#### SUPPLIED INFORMATION:
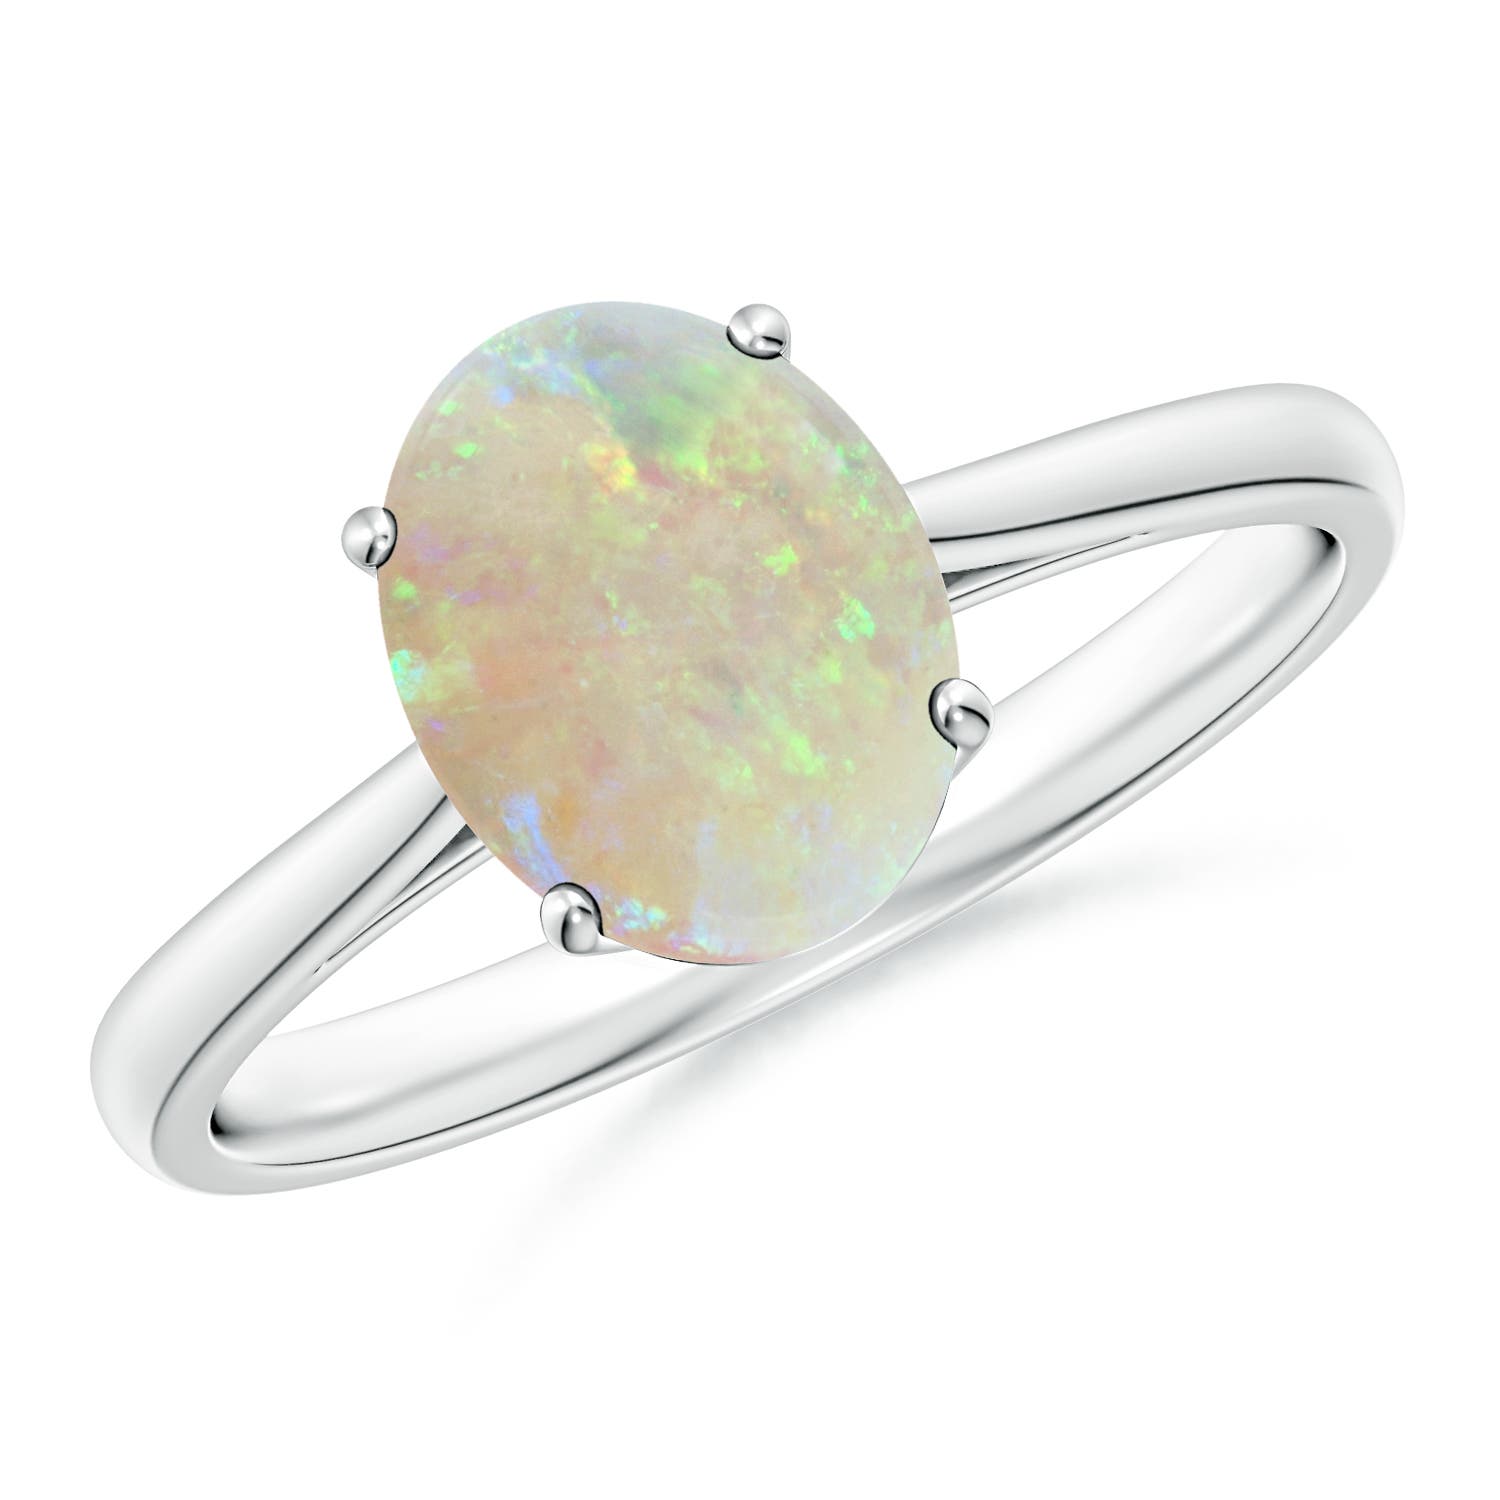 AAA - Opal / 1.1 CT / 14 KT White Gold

---

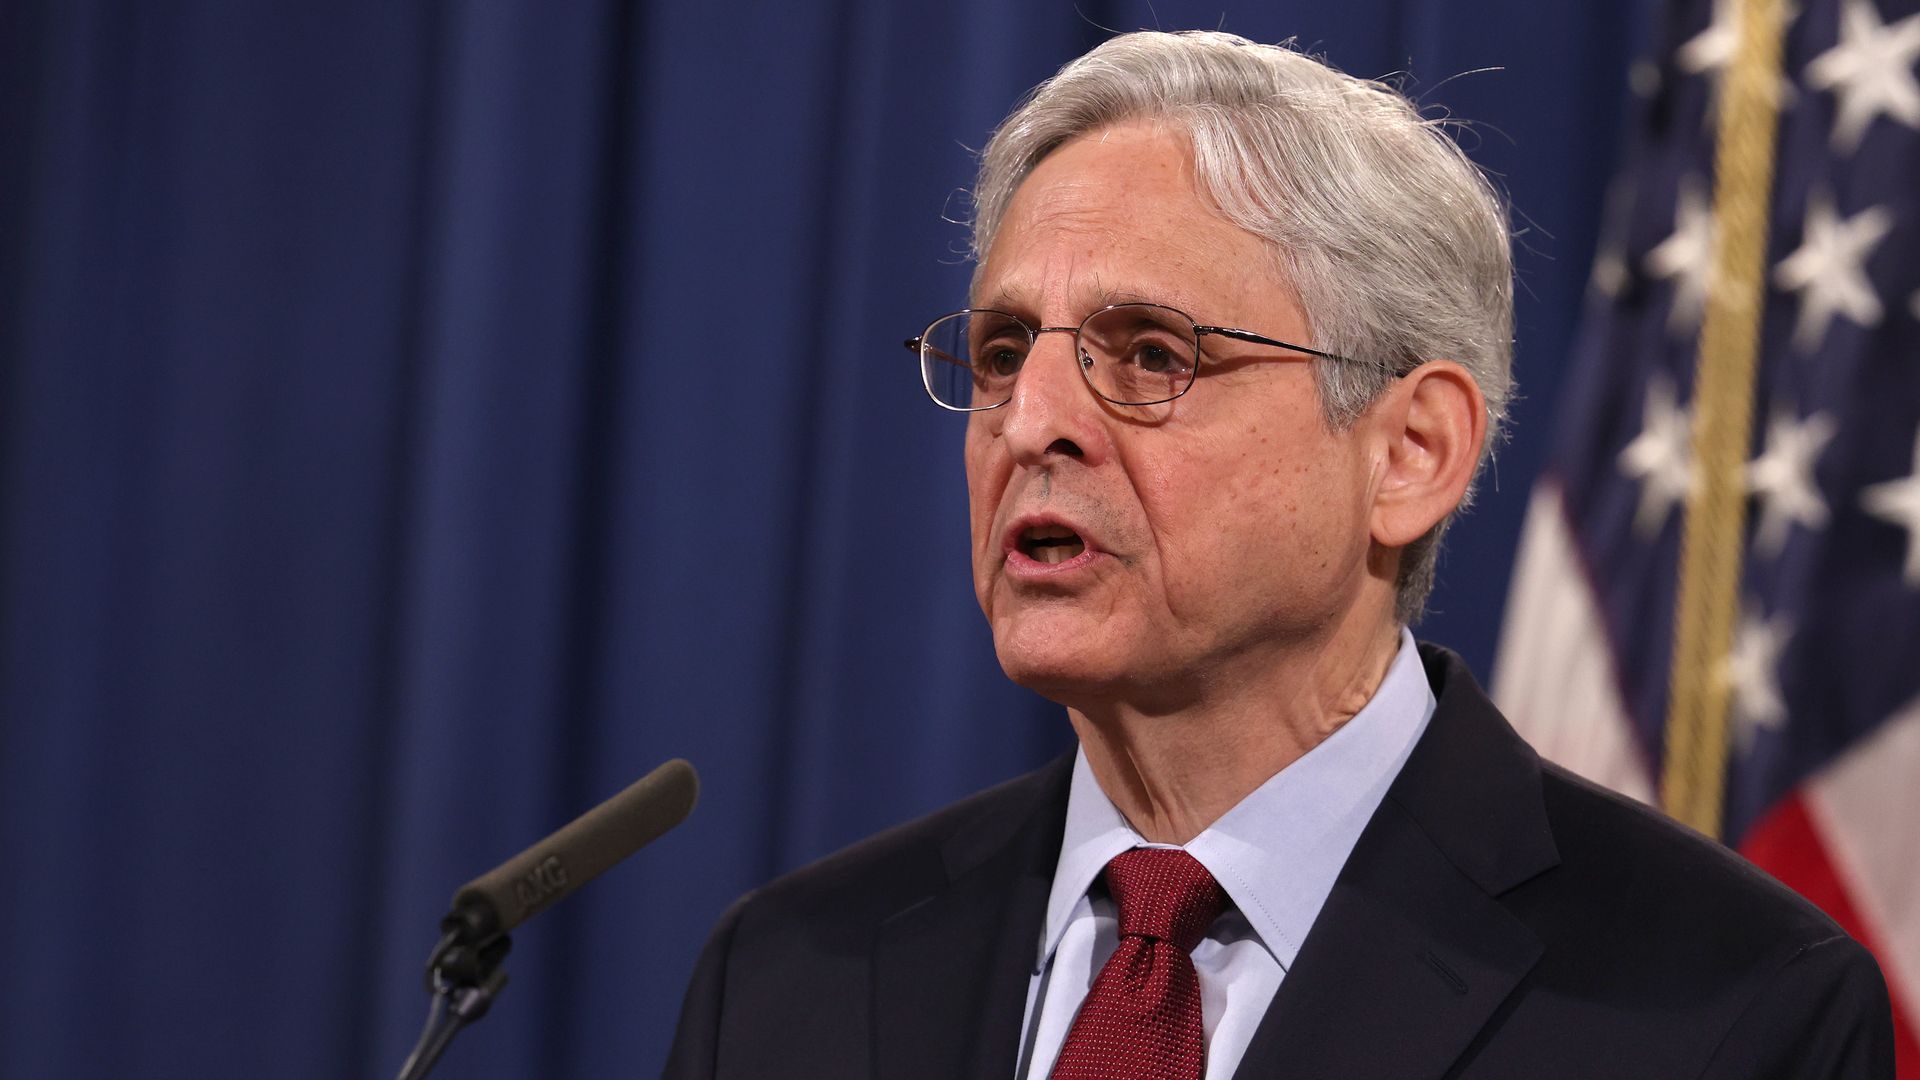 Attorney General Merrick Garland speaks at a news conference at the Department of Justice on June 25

--

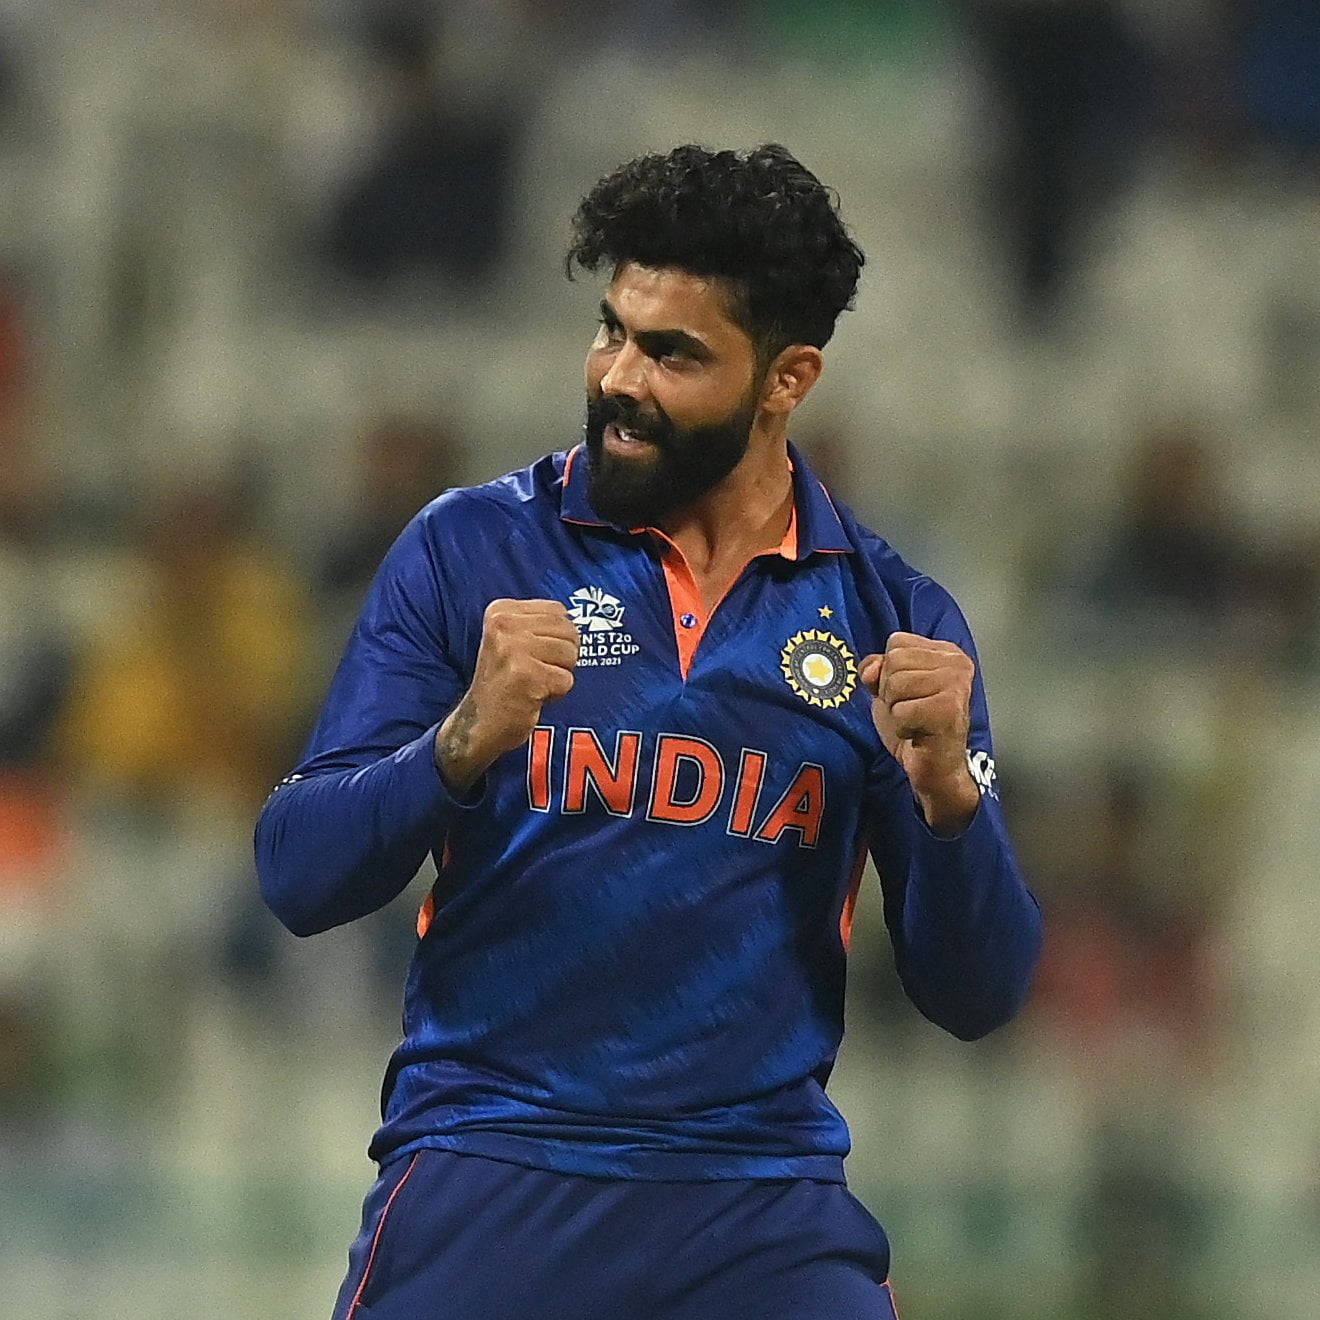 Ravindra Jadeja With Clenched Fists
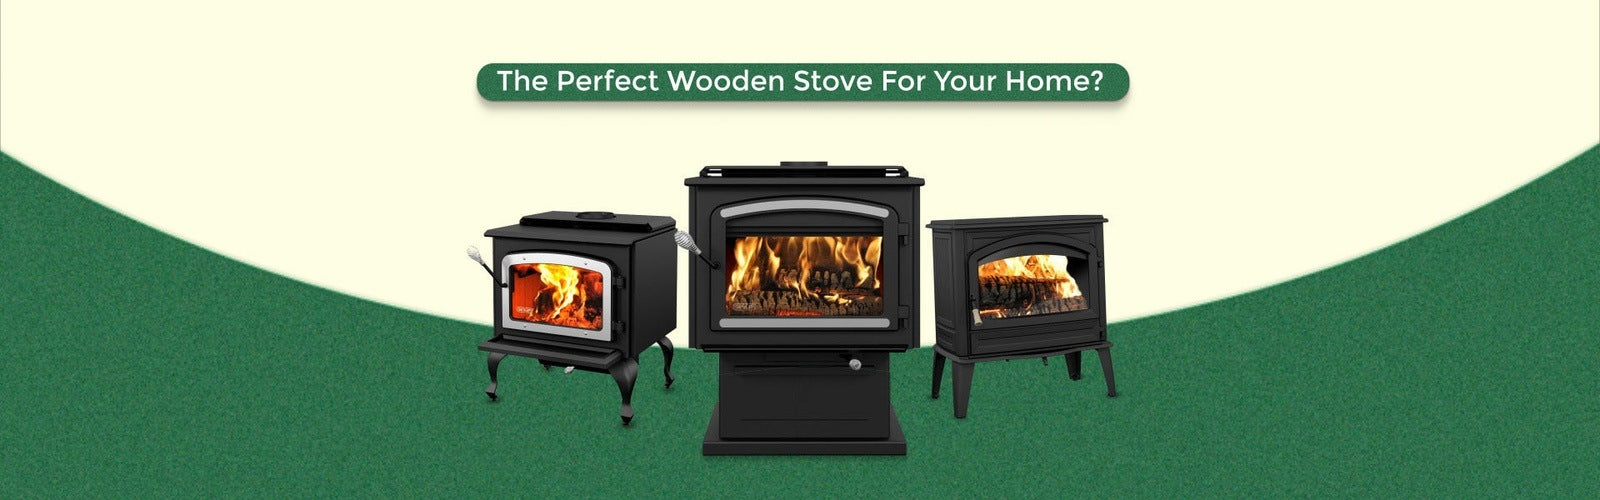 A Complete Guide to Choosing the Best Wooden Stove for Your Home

#### TASK TO COMPLETE:
Please repeat the lines of the material above exactly, starting with the line that contains "Ravindra Jadeja With Clenched Fists" and ending with the line that contains "A Complete Guide". Leave the pictures out.

#### TASK RESULT:
 Ravindra Jadeja With Clenched Fists
 A Complete Guide to Choosing the Best Wooden Stove for Your Home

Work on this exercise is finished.